But I've been getting very uncomfortable about the way this has become yet another platform for those who wish to ration NHS care on moral (or, as they would no doubt say, "lifestyle") grounds. This kind of debate has come and gone many times over the years. Should smokers be treated on the NHS? Or people who choose to drink over 30 units of alcohol per week? What about people who have an accident when driving without a seatbelt? Or skateboarding? Or flipping pancakes while on the phone? Now there's a new group of people about whom to feel smugly judgemental: the women who have breast implants for - gasp! - cosmetic reasons. I've seen this line taken in several places, most recently this morning on Broadcasting House (forty minutes in).

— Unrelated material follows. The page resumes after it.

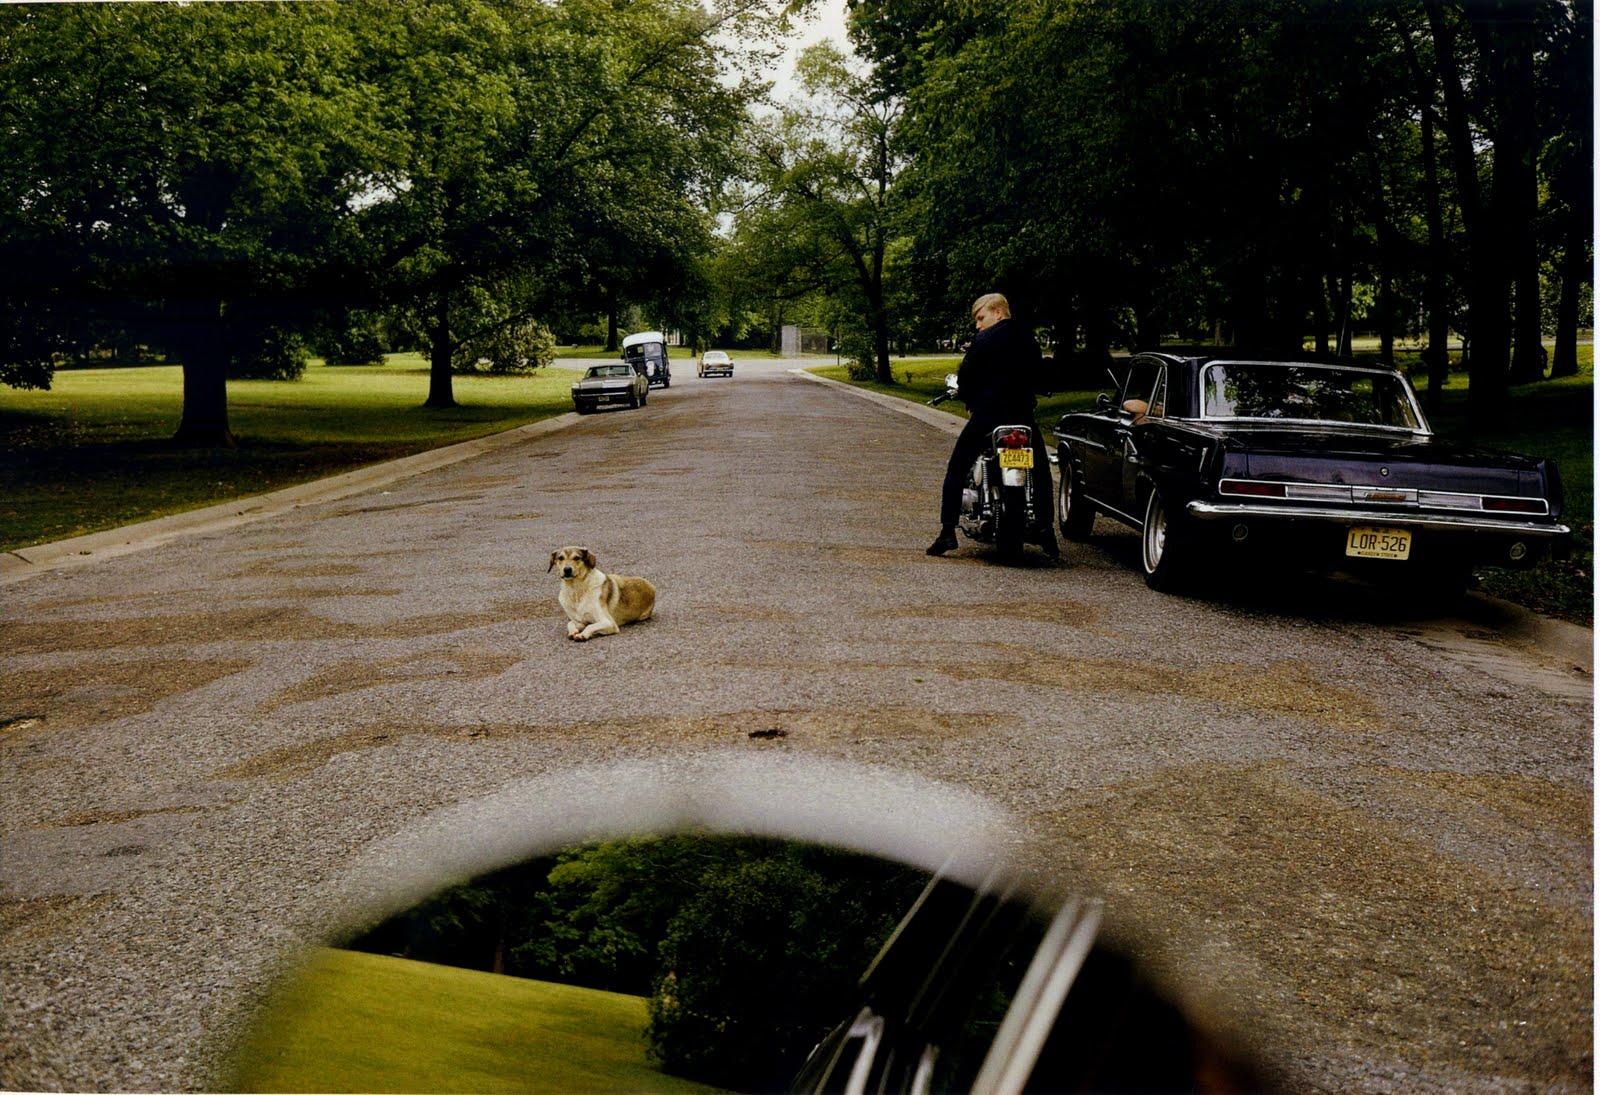 photographersbooks-william-egglestone-34.JPG

I do think there's an element of misogyny here. The speakers seem so fixated on the motives for which the women got the implants in the first place that they seem unable to accept that the reasons they may need them removed are medical, not aesthetic. Someone in that radio clip mentions the analogy of tattoos, but the NHS won't remove your tattoo for you because you no longer like dolphins. On the other hand, if your tattoo becomes infected, you'll get treated for that. Is this a difficult distinction to grasp?
There's more to it than misogyny, though. Let's try this thought experiment. Imagine it turned out that a well known brand of lipstick was highly carcinogenic, and that it had given thousands of women cancer of the mouth. Would there be voices in the media loudly arguing that the women be refused treatment, on the grounds that they had only used the lipstick for cosmetic reasons? I doubt it.
I think at least two other factors are in play. First, fewer people get breast implants than use lipstick, and they cost a lot more. The sense that it is an unjustifiable extravagance - and that neither we nor any of our close friends would do it - will have put it above many people's prudery threshold. Second, the women involved have in almost all cases suffered no harm, so far. The removal would be because of the increased risk of rupture, rather than to treat the consequences of rupture. And there's a stubborn feeling in this country that preventative medicine isn't real medicine at all.